Sun, April 15, 10:35am to 12:05pm, New York Hilton Midtown, Floor: Second Floor, Clinton Suite

Abstract

In response to federal and state policies and philanthropic funding, thousands of districts have rolled out one-to-one computing initiatives that provide students with digital devices for learning. As part of these initiatives, districts have invested in “ed-tech coaching” as a critical process for instructional change. Ed-tech coaches fulfill many roles, from providing instructional support teachers to coordinating system-wide instructional improvement. This system-level work, although understudied in the extant literature, is crucial since district leaders do not have prescribed approach for how teachers should be using technology and instead must facilitate school experimentation with instruction, disseminate best practices, and adjust district procedures according to school needs to promote instructional change across schools.

This paper uses social network theory to study how ed-tech coaches work as reform agents at the system-level. Social network theory suggests that individuals and their relationships are nested in structures or networks that shape access to social capital (Scott, 2000). Structural holes or absent communication between groups restrict information exchange. Because actors on either side of these holes circulate in different information flows, brokering information between these groups can provide access to new social capital that improves organizational capacity (Burt, 2000). In the coaching literature, brokering is described as a top-down process in which coaches inform teachers about central office reform goals to align instruction with these goals (Coburn & Woulfin, 2012). Social network theory (Gould & Fernandez, 1989) provides properties for observing this top-down communication along with other pertinent brokering practices, including: coordinating information on reform goals and procedures within the central office, coordinating best practices for instruction within and among schools, and bottom-up communication from schools to the central office to provide feedback on reform implementation and craft district procedures around school needs (Honig & Hatch, 2004).
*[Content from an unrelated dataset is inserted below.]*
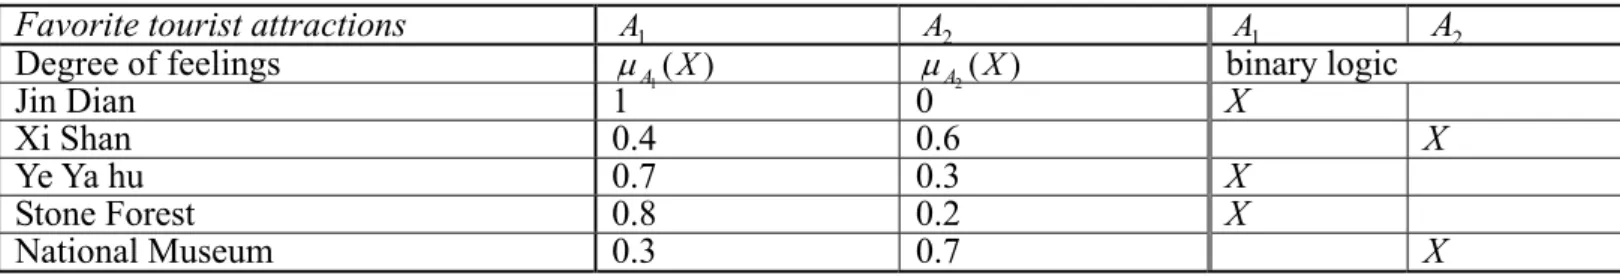 Table 3.1 Comparing fuzzy number with integral number favorite tourist attractions   
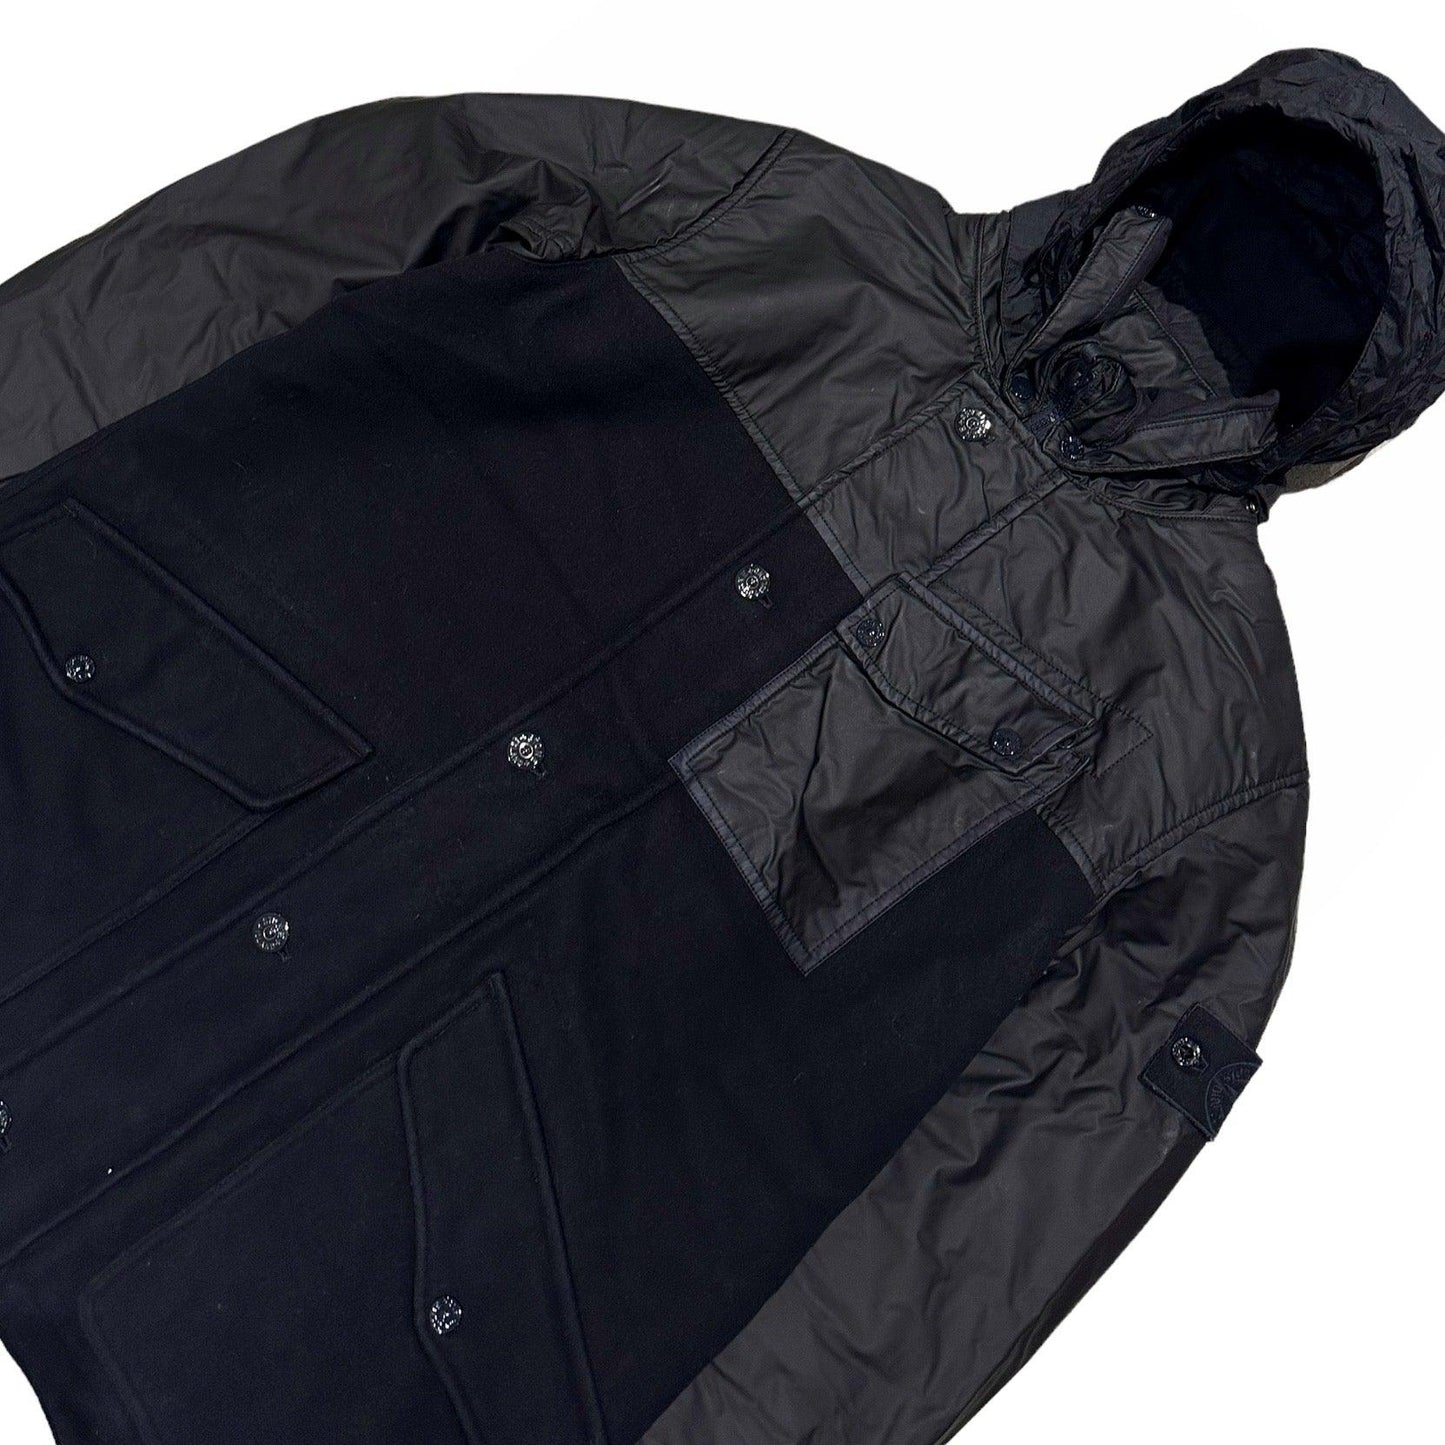 Stone Island Ghost Wool Nylon Quilted Jacket with Packable Hood - Known Source

I use the above properties to describe how ed-tech coaches broker information on instructional change in a mid-sized urban district – Lexington Unified School District – that distributed iPads in schools for teaching the Common Core State Standards (CCSS). I ask: How are ed-tech coaches brokering information on integrating technology with instruction, and what are early implications of these brokering practices for instructional change? I analyze social network data collected from central office administrators, principals, ed-tech coaches, and classroom teachers in 2014-15, and interviews with administrators, ed-tech coaches, and principals, and teachers from six case schools.

I find that ed-tech coaches privileged communication with other ed-tech coaches and the teachers whom they were formally assigned to train at the neglect of brokering information to/from central office staff overseeing other CCSS programs and other educators in schools. These incomplete brokering practices coincided with limited teacher understanding on how to use technology for the CCSS, strained relations among teachers for innovating with instruction, and lack of open communication between schools and the central office on school needs for instructional change. These findings shed light on the complexities of ed-tech coaching and why education technology reforms struggle to achieve systemic improvements in teaching.